Xuan Wang

Data Scientist, Databricks

Xuan Wang is a data scientist/engineer at Databricks. He is working on building data products and ETL pipelines on top of Databricks’ Unified Analytic Platform and Apache Spark. Prior to joining Databricks, he was a postdoctoral researcher working on probabilistic models in random graphs and random medium.
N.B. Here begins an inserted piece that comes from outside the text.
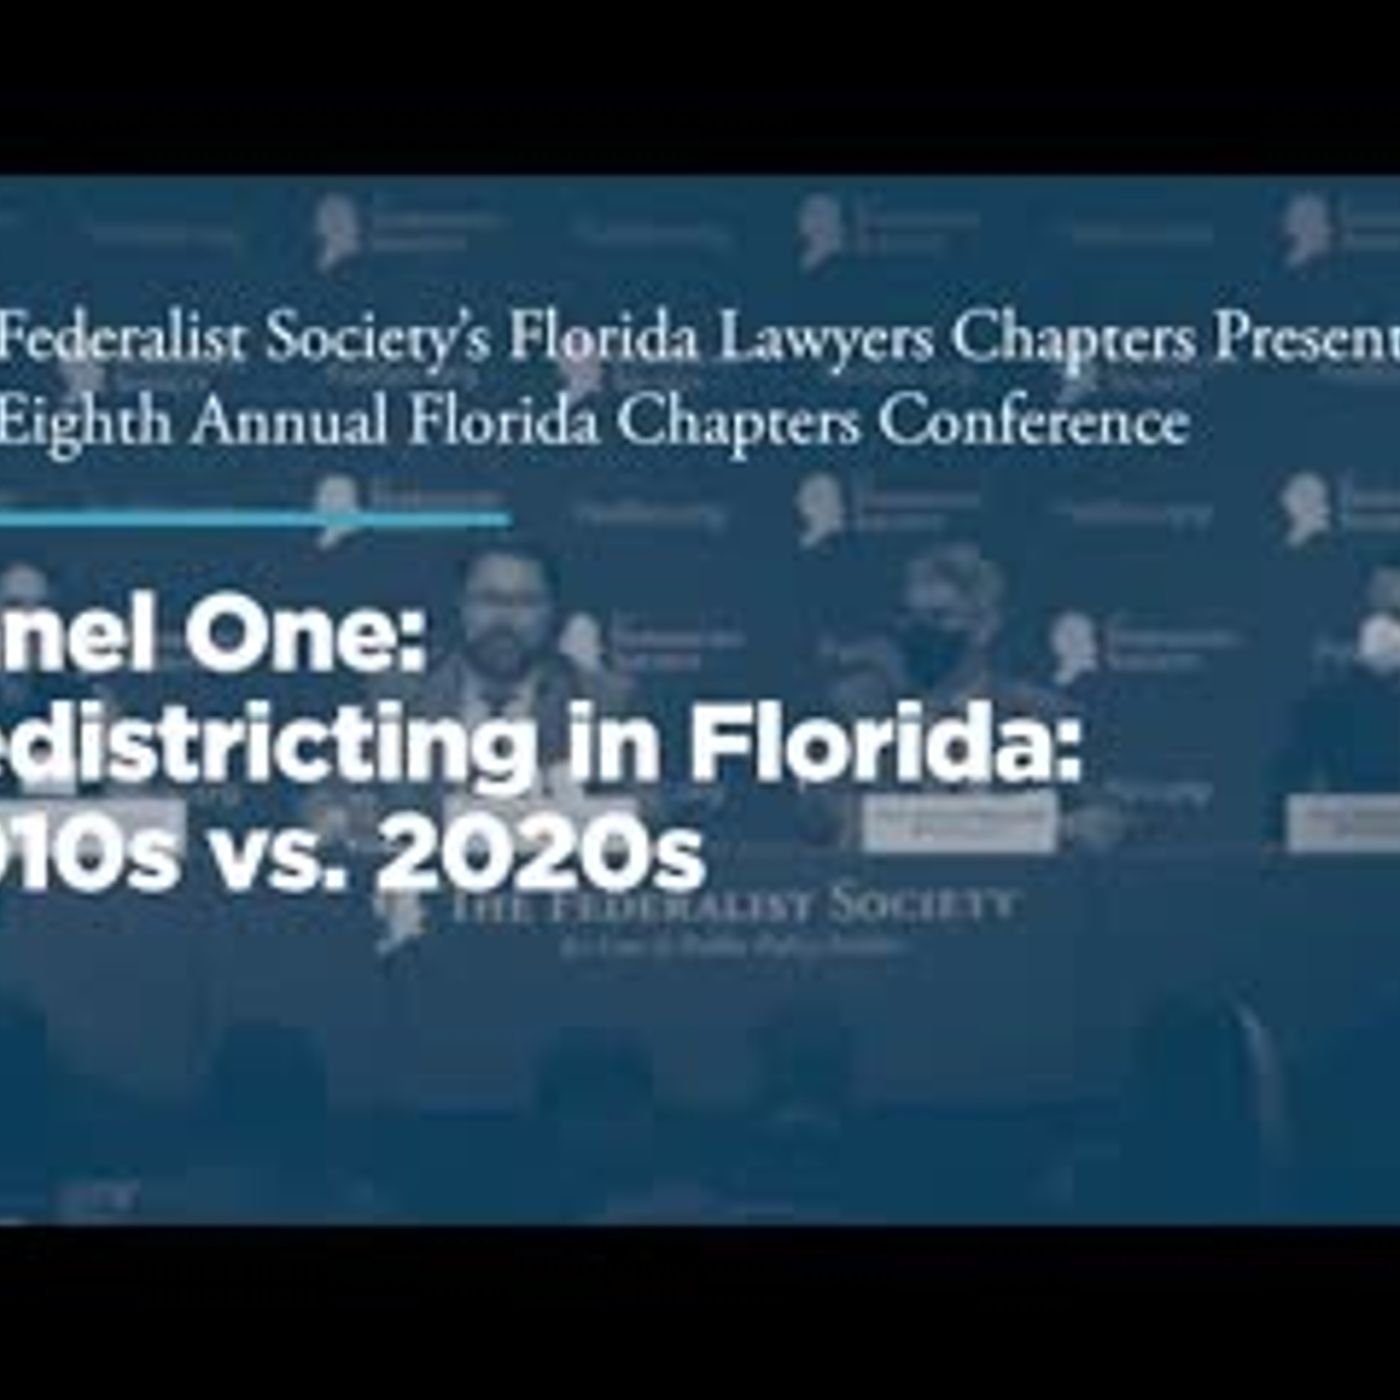 Panel One: Redistricting in Florida: 2010s vs. 2020s

He received his Ph.D. in Statistics from The University of North Carolina at Chapel Hill in 2014.

Past sessions

Summit 2019 Databricks: What We Have Learned by Eating Our Dog Food

April 24, 2019 05:00 PM PT

Databricks Unified Analytics Platform (UAP) is a cloud-based service for running all analytics in one place - from highly reliable and performant data pipelines to state-of-the-art Machine Learning. From the original creators of Apache Spark and MLflow, it provides data science and engineering teams ready to use pre-packaged clusters with optimized Apache Spark and various ML frameworks coupled with powerful collaboration capabilities to improve productivity across the ML lifecycle. Yada yada yada... But in addition to being a vendor Databricks is also a user of UAP.

So, what have we learned by eating our own dogfood? Attend a “from the trenches report” from Suraj Acharya, Director Engineering responsible for Databricks’ in-house data engineering team how his team put Databricks technology to use, the lessons they have learned along the way and best practices for using Databricks for data engineering.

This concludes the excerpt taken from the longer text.